SPACE WIRE
Tikrit and other northern areas focus of operations: US Central Command
AS-SALIYAH (AFP) Apr 13, 2003
The area around Tikrit and other parts of northern Iraq are the focus of US-led military operations, and coalition forces still face fierce resistance from "leftovers" of the Iraqi army, the US Central Command said here Sunday.

Large parts of the north "have been the focus of our operations in the past days," said Major Rumi Nielson-Green, stressing that the key city of Tikrit was only one of several the US-led forces were targeting.

She declined to comment on reports that coalition forces were negotiating a surrender of the city, the traditional power base of Iraqi President Saddam Hussein.

A CNN team twice came under fire going through a checkpoint in Tikrit Sunday, but found abandoned barracks of Saddam's elite Republican Guard on the outskirts of the city.

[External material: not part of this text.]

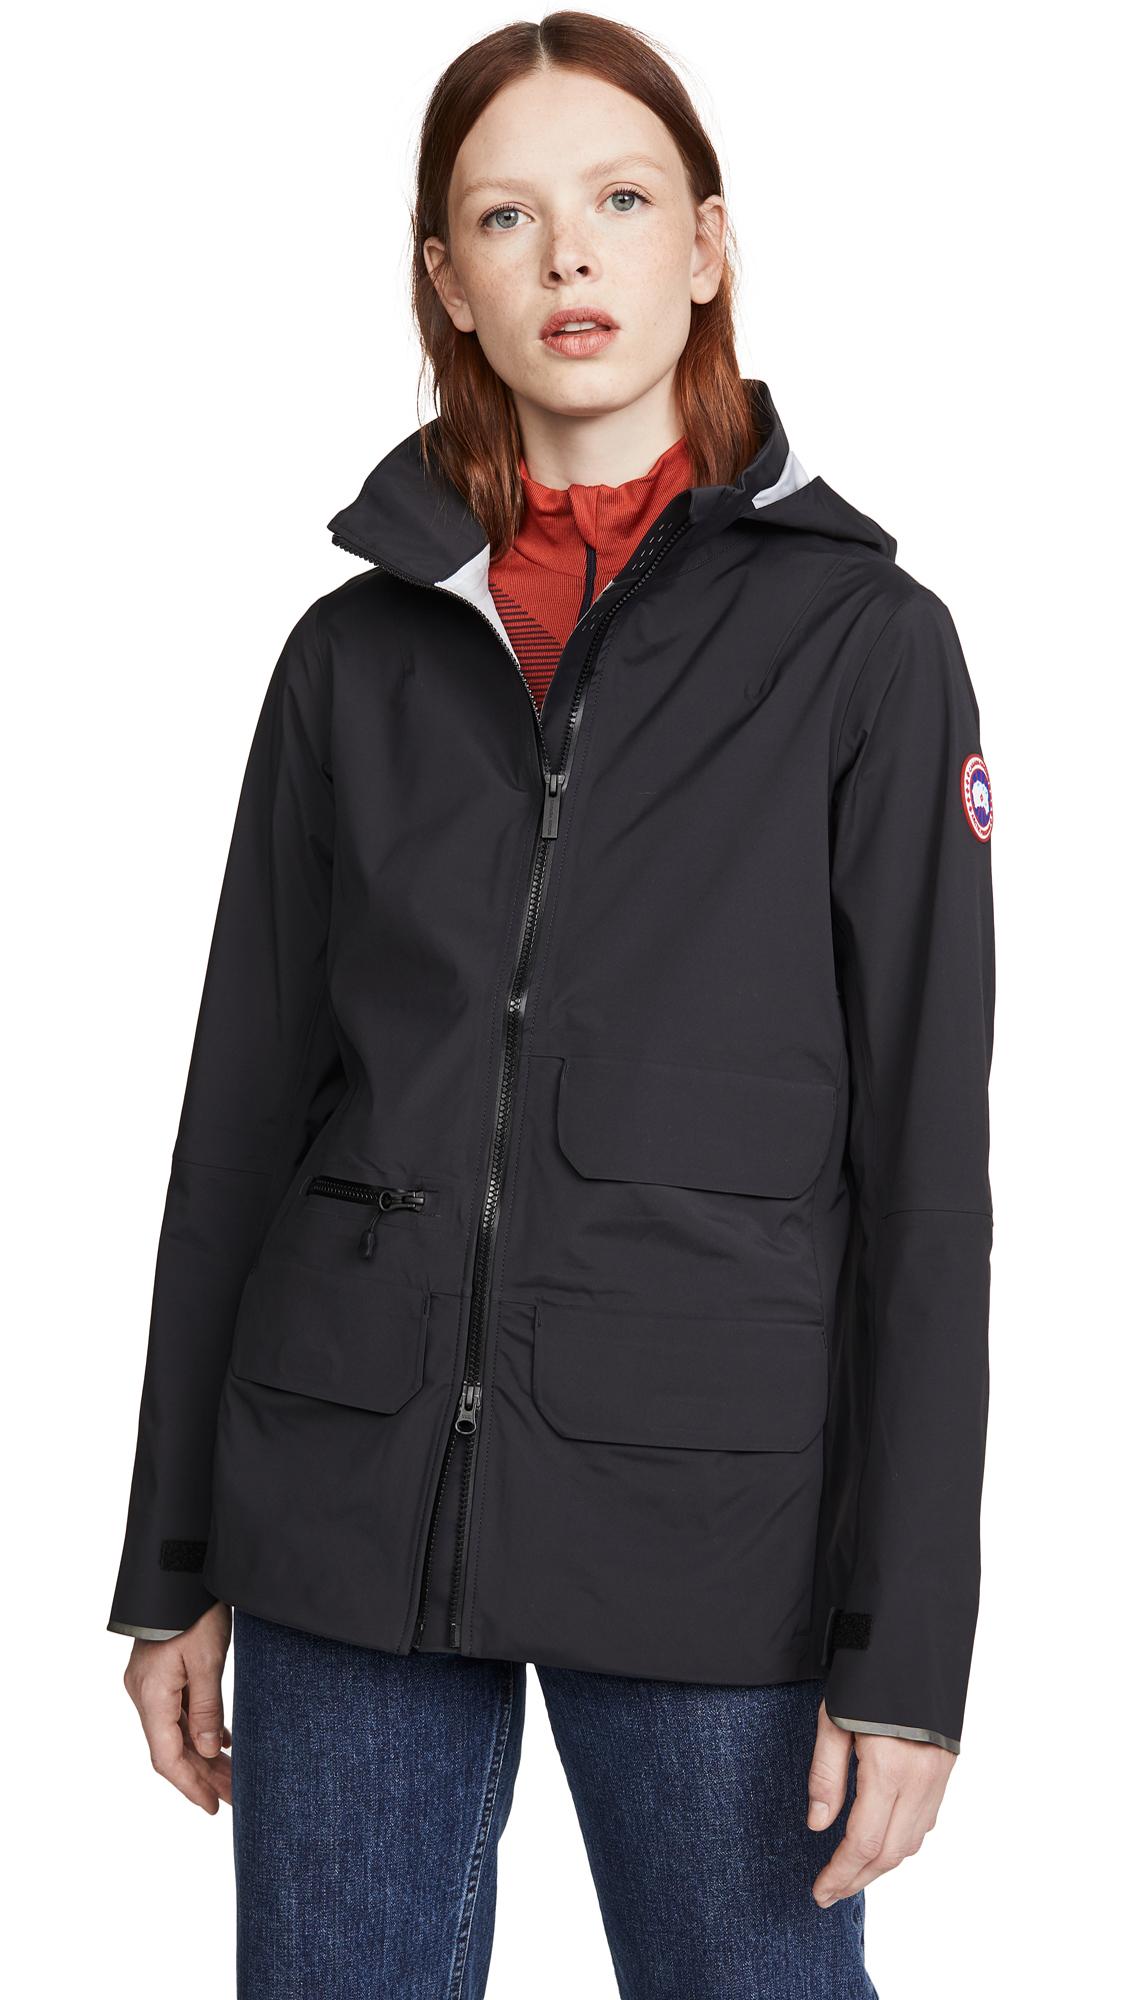 Buy Canada Goose Pacifica Jacket online beautiful Canada Goose Jackets, Coats, Trench Coats
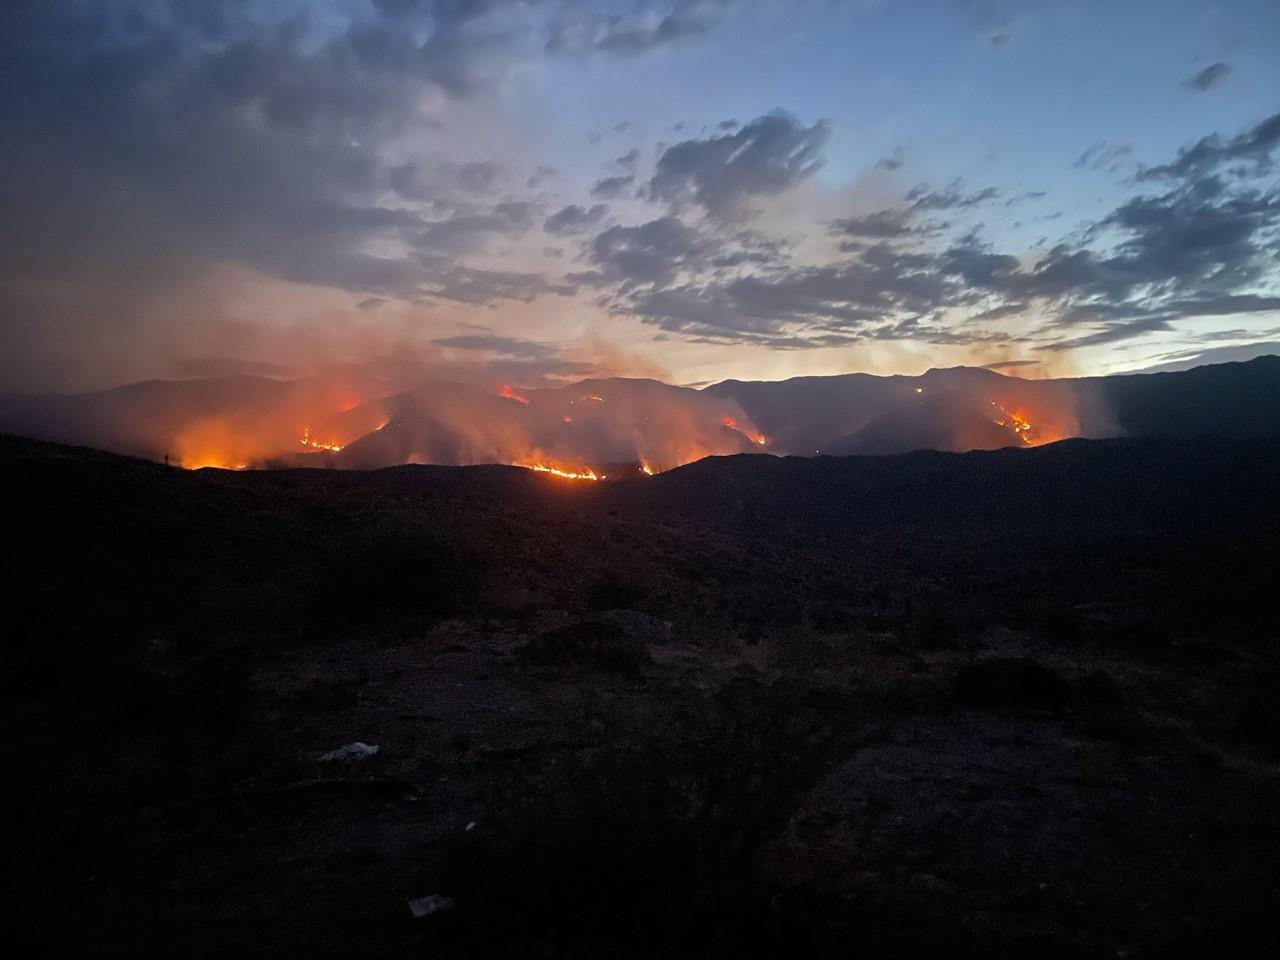 The Tiger Fire in central Arizona

Nielson-Green said the remnants of decimated Republican Guard units had banded together to fight coalition troops.

"Those fights are significant and fierce," she said, adding, however, that the Iraqi units were "just mismatched leftovers with no military command and control".

"A lot of populated areas still have a regime presence," she said of northern Iraq, notably citing the city of Baiji, 45 kilometers (28 miles) north of Tikrit.

"We will work on those until they fall."

The area around Tikrit has come under intense coalition bombing over the past week, but CNN footage showed no indication of any US or British troop military presence on the ground.

Nielson-Green and other officials at the US forward command headquarters at As-Saliyah declined to say when ground troops would move into the city, but did say a "significant number" of US Marines had left Baghdad this week to head north.

"The number is significant enough that if any forces are encountered they will be sorry," she told AFP.

Tikrit, 150 kilometres (95 miles) north of Baghdad, is Saddam's birthplace, his tribal power base and a stronghold of his minority Sunni Muslims who have ruled the nation's Shiite majority.

Before the war, residents pledged to put up a fierce battle, but coalition leaders are hoping the massive bombing in recent days, and veiled threats of even more lethal attacks will convince the remaining Iraqi holdouts to put down their weapons.

General Vincent Renuart told reporters recently at the war command headquarters that he could not rule out using the Massive Ordnance Air Blast (MOAB) on the city.

Known as the "Mother of All Bombs", the MOAB is an almost 10,000 kilo (21,000-pound) behemoth designed to melt just about everything.